Politics from the sidelines: A deep dive into the political parties that have been formed this year

By Kate Plummer

Westminster Bridge and Parliament

(Picture: iStock/Getty Images)

Parliament has returned from recess. Politicians are brushing the sand off their suit trousers and swapping their sunglasses for spectacles as they return to the chamber for a new legislative term.

When parliament returns for the Autumn sitting it always does so with an unshakeable Back To School Vibe. Rumours of cabinet reshuffles chirrup through the press and “exciting” new policies are cooked up with all the vim of a Year 7 student committing to a new homework timetable. This year, it’s the National Insurance hike. Lucky us!

For those who sit outside the political mainstream, though, enthusiasm may be rather muted as they watch from the sidelines without Westminster representation. And, with more new challenger political parties being registered year on year, these sidelines are swelling.

According to data from the independent regulatory body the Electoral Commission, 34 new political parties have been successfully registered this year thus far. This is compared to 33 in the whole of 2020 and 32 in 2019.

A lot of these parties stand up for regional and local causes. Perhaps this is unsurprising given there were a huge number of local elections on 6 May, (delayed by a year because of Covid) in which the electorate were responsible for electing some 5,000 people as councillors, MPs in vacant constituencies and mayors and police and crime commissioners.

Andy Tree, leader of one such party, Whitehill & Bordon Community Party in Hampshire, founded his party in 2017 and it was officially registered with the Commission this year. He said they represent a “diverse” group of people to focus on local issues.

“I think that across the country it is ultra-local groups who do well, with residents giving their support to other local fellow residents - as an alternative to national party machines,” he says.

“On all our election literature we state: ‘You do not have to stop supporting the national party of your choice to vote for me/us locally’.”

Meanwhile, the Harmony Party aims to create a “federation of assemblies” responsible for decision making.

Rather than standing for ultra-local issues, other parties are intrinsically linked to the major supranational plot point of the last couple of years. Covid. Take Corbyn’s party – no not Jeremy, Piers - Let London Live for instance, which crashed and burned in the London Mayoral Elections in May on the universally derided and ambitious ‘Covid is a hoax’ ticket. See also: London Real and the Freedom Alliance.

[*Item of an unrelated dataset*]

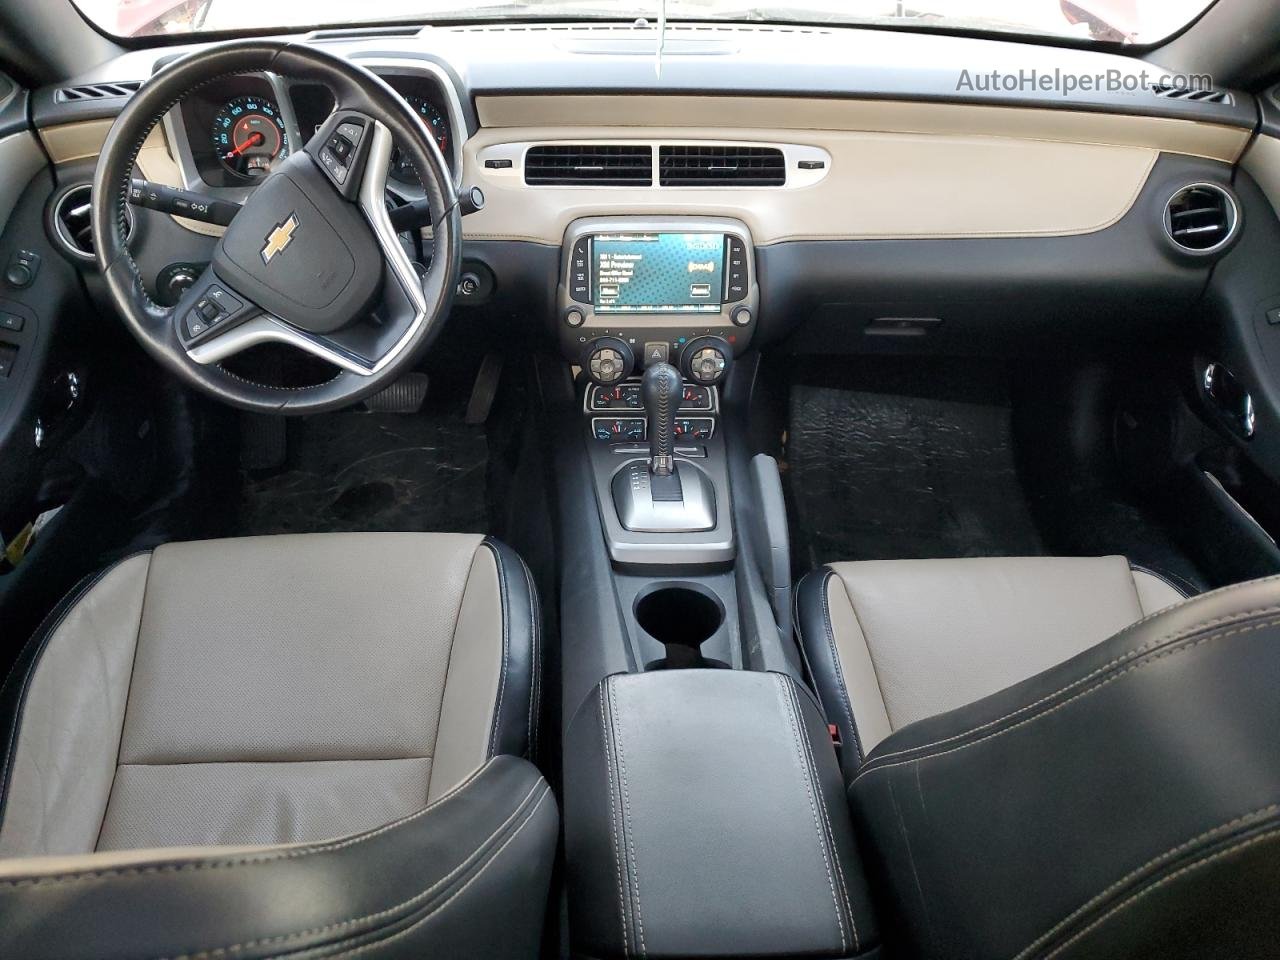 2014 Chevrolet Camaro Lt Темно-бордовый vin: 2G1FC1E33E9311325

Aside from Covid, other single issues have also garnered enough passion to warrant the formation of parties. The We Matter Party is the UK’s first black led political party, its website says, and campaigns against all discrimination.

Climate change has also been a galvanising issue. The Scottish eco devolution party was formed “to fill a gap in Scottish politics created by the Green Party’s support for independence…and harness the environmentalist votes that the Greens can’t obtain,” its leader James Clark says.

It wishes to combat climate change while keeping Scotland in the union with more devolution and seeks to do so by putting pressure on larger parties and “tactically supporting the lesser of evils”.

“We think that the union stands a far better chance of survival if the devolved nations are given more autonomy than they already have and are not treated as insignificant minorities within an England dominated UK,” he says.

The Breakthrough Party, on the other hand, was formed as a new left-wing group in opposition to Sir Keir Starmer’s leadership of the Labour Party.

Founder Alex Mays says after Starmer became leader: “I knew this wasn’t the party for me anymore, but I still wanted to do something. I looked around to see if any party had filled this huge vacuum that had emerged on the left, but I couldn’t find one. So, I thought, why not try and start one?

“I started chatting to friends about the idea, this branched out to friends of friends and in the space of seven months it snowballed. We have hundreds of members and supporters, a really strong presence on social media, we stood in a by-election and are now establishing regional branches to organise in communities up and down the country”

The party stands for proportional representation, achieving net zero carbon and ending the housing crisis, among other policy offerings. It now has one councillor, Samantha Cooper in Keighley town, who defected from the Labour Party.

May adds: “Young people are not apathetic about politics, but they are looking for a political movement that represents their economic interests and social values against the conservatism of the status quo.

Explaining why so many new parties are being launched, Paul Webb, Professor of Politics at the University of Sussex, said new political issues are not covered by existing parties.

He said: "One of the key reasons for the formation of new parties in Europe highlighted by research is the emergence of new political issues that cut across and do not easily fit existing patterns of party politics.

"Over the time this has included the emergence of Scottish and Welsh nationalist politics after the 1960s, or Green and environmental politics after the 1970s, and radical right populist politics after the 1980s.”

With politicians taking their seats in the Commons once more to shout “hear hear” and pass or block new legislation, a growing number of people will watch with discontent, believing smaller parties can represent them far better than Labour or the Tories can. Whether they eventually enter the chamber themselves and make change from the inside, or stay firmly on the sidelines, is a matter for time to decide.